The local church, the Una Sancta, was built from 1959 to 1962, relatively shortly after the founding of Espel and is operated by the Protestant Church in the Netherlands, abbreviated as PKN, a 2004 merger of many former Protestant churches. The modern white cylindrical church tower especially stands out in its unique style.

From 1960 to 1961 a second, Catholic church was built in the village. It was named Kerk van de Verrijzenis des Heren, which translates to Church of the Rising of the Lord. It is no longer in use.

===Surrounding countryside===
The area around Espel is an important area in the cultivation of bulbous flowers, mainly but not exclusively tulips.
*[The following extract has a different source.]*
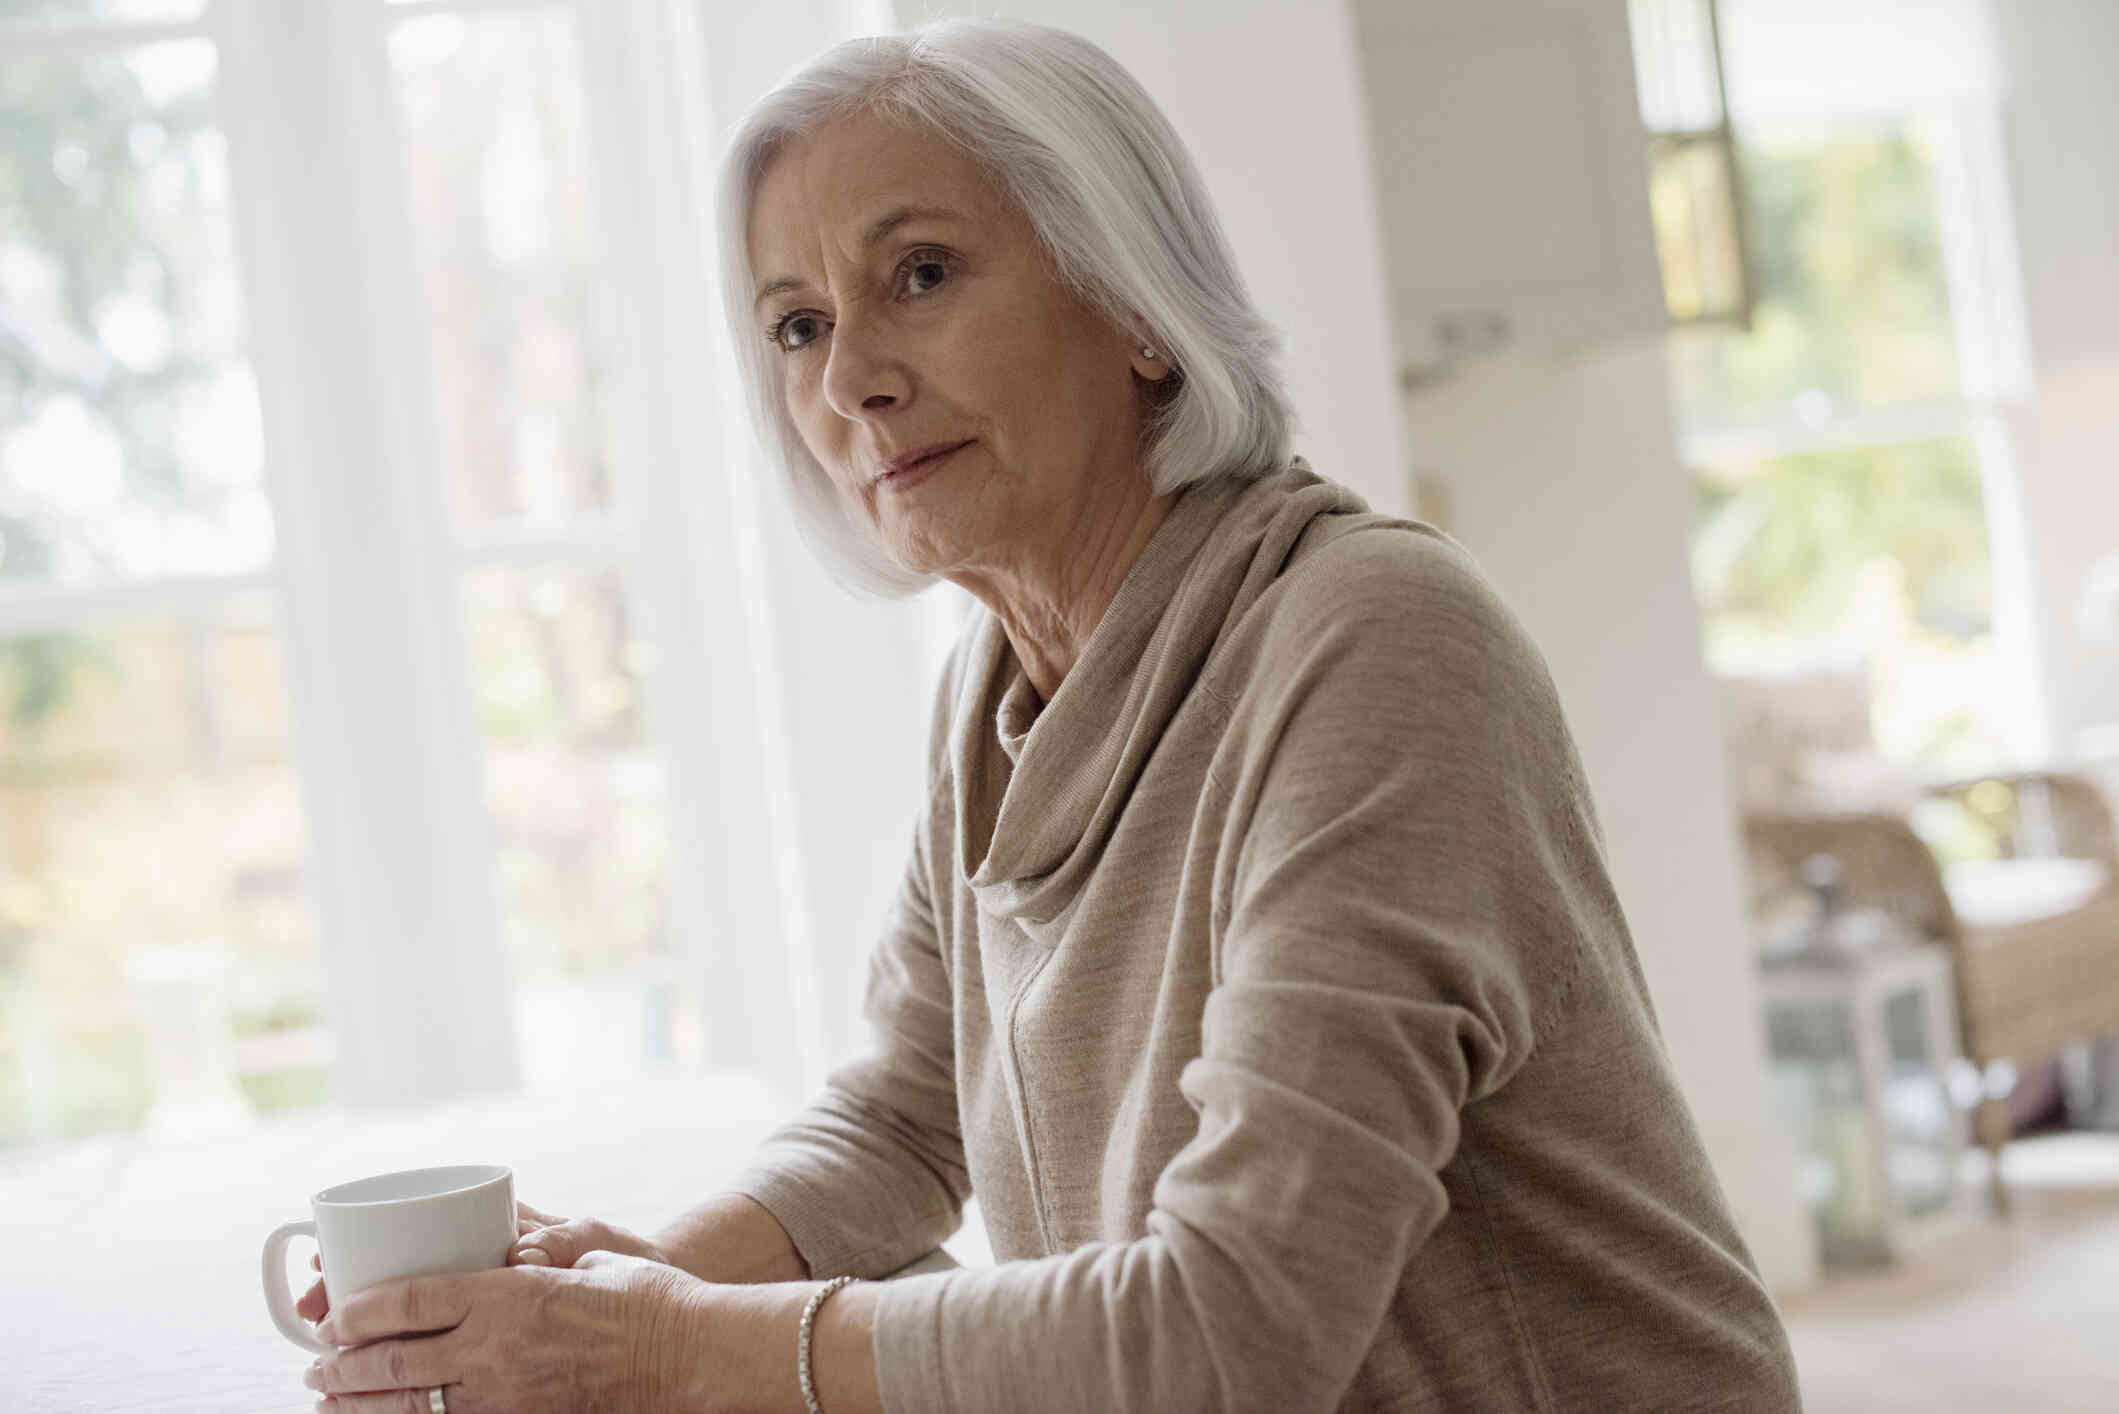 A middle aged woman in a tan sweater sits in her home and holds a white coffee mug while gazing off with a serious expression.

Each spring a walking and cycling route is laid out along the blooming fields.

To the west of Espel, along the dyke that forms the coast with the IJsselmeer, is Windpark Noordoostpolder, a partially on-shore, partially off-shore wind farm. It opened in June 2016 and is the largest wind farm of its kind in the Netherlands. The windpark will feature a total of 86 wind turbines upon completion in 2017.

==Public transportation==

Espel has a bus connection operated by Connexxion, Line 77, which connects Espel with other villages in the Noordoostpolder.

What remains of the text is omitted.